[Form 4] Alnylam Pharmaceuticals, Inc. Insider Trading Activity
Rhea-AI Filing Summary
Dennis A. Ausiello, a director of Alnylam Pharmaceuticals, executed multiple equity transactions on 08/14/2025 under a Rule 10b5-1(c) trading plan adopted May 15, 2025. The Form 4 reports exercises of stock options (codes M(1)) for option blocks of 9,000; 5,153; 4,581; 5,228; 4,032; and 3,454 shares at exercise prices ranging from $72.01 to $189.87 per share, each creating corresponding shares of common stock. The filing also shows open-market sales (codes S(1)) of multiple share blocks at weighted-average prices reported in ranges between $430.39 and $443.10 per share. After the reported transactions, the reporting person’s beneficial ownership counts are shown on individual lines (for example, 9,911; 15,064; 19,645; 24,873; 28,905; 32,359; then decreasing after sales to 911). Additionally, 3,500 shares are reported as indirectly owned by a trust for which the reporting person's spouse is trustee. The Form 4 was signed by an attorney-in-fact on behalf of Mr. Ausiello on 08/15/2025.
Positive
- Transactions were executed under a Rule 10b5-1(c) trading plan, providing pre-established timing and an affirmative defense for the trades
- Full disclosure of option vesting dates, exercise prices, and weighted-average sale price ranges enhances transparency
- Indirect holdings are disclosed (3,500 shares held in a trust with spouse as trustee), meeting governance disclosure norms
Negative
- Significant insider sales across multiple blocks at prices roughly between $430 and $443 per share, which reduce reported direct holdings
- Large option exercises followed by sales could be interpreted as insiders realizing gains rather than long-term accumulation
Insights
TL;DR: Routine option exercises and systematic sales under a 10b5-1 plan; primarily liquidity events, not an unexpected disclosure.
The filing documents contemporaneous exercises of multiple vested stock options followed by systematic sales executed under a Rule 10b5-1(c) plan adopted May 15, 2025. Exercises span option grants with strike prices from $72.01 to $189.87 and result in newly issued common shares; subsequent sales occurred across several price bands between ~$430 and ~$443, using weighted-average pricing disclosures. For investors, this represents insider liquidity managed via a pre-established plan rather than ad-hoc market timing. The presence of an attorney-in-fact signature is procedural. No new material corporate developments, financings, or governance changes are disclosed.
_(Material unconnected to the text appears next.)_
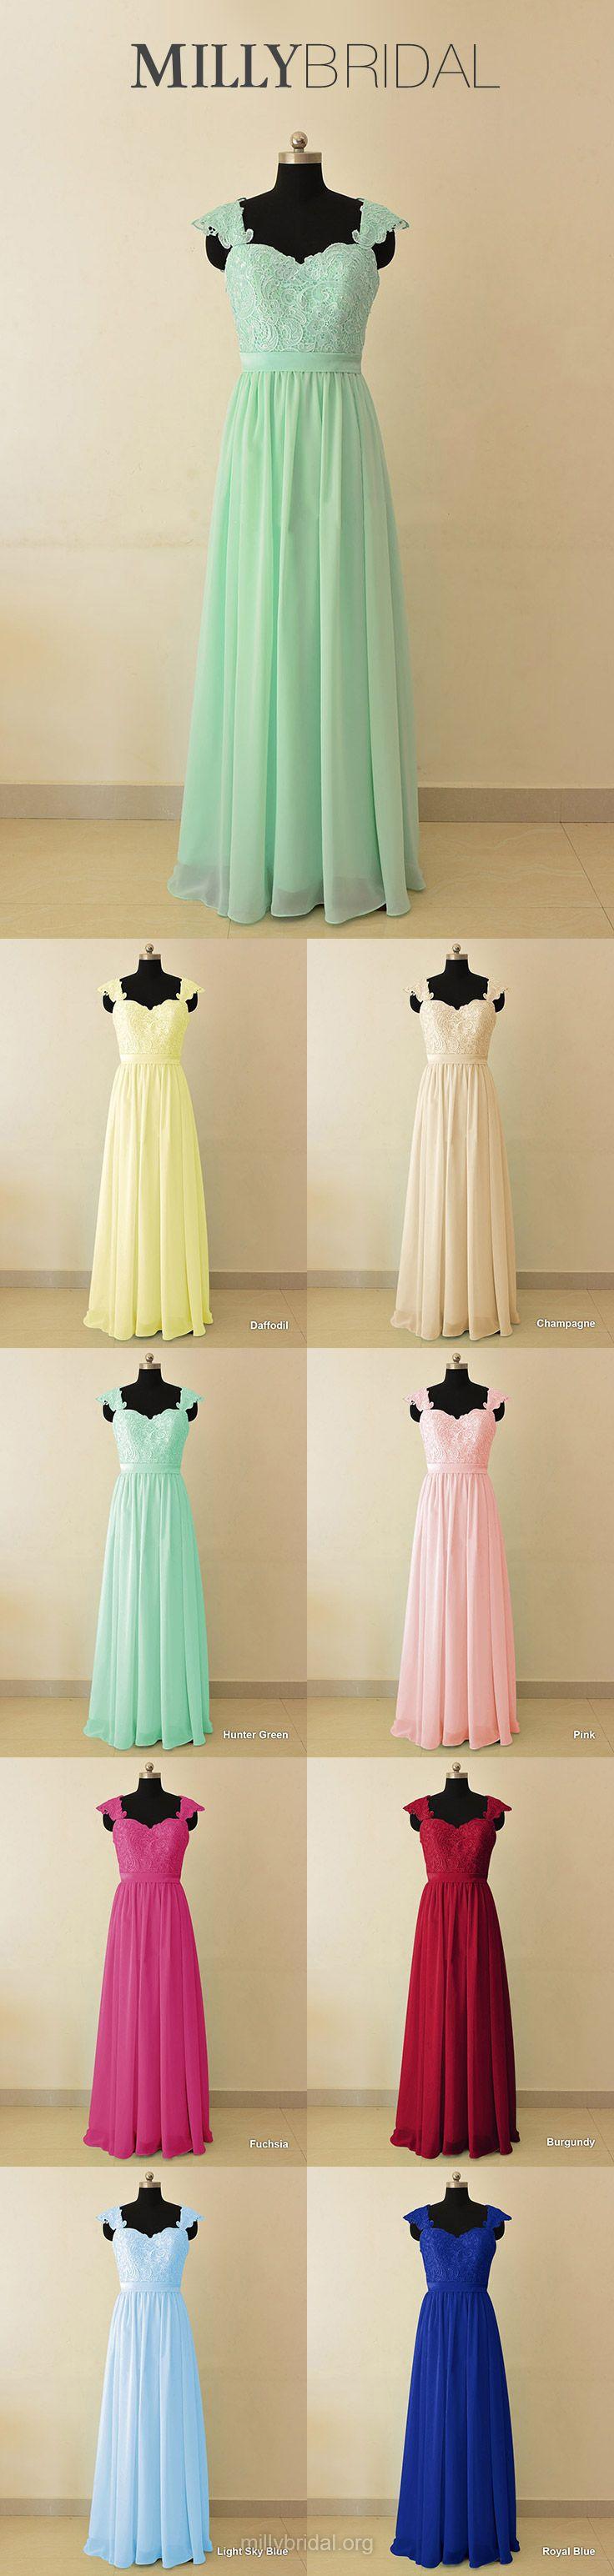 Sage Bridesmaid Dresses Long, Sweetheart Bridesmaid Dress Chiffon, Lace Wedding Party Dresses Modest

TL;DR: Disclosure aligns with standard governance practices; 10b5-1 adoption provides affirmative defense for trading timing.
The report clearly states the transactions were made pursuant to a Rule 10b5-1(c) plan adopted May 15, 2025, which is an accepted governance mechanism to mitigate insider trading concerns. The Form 4 identifies direct and indirect holdings and notes a trust holding 3,500 shares with the spouse as trustee, satisfying disclosure of potential indirect ownership. From a compliance standpoint, the filing appears complete: transaction codes, exercise details, weighted-average sales prices ranges and vesting dates for options are provided. No governance irregularities or unexplained transfers are apparent in this filing.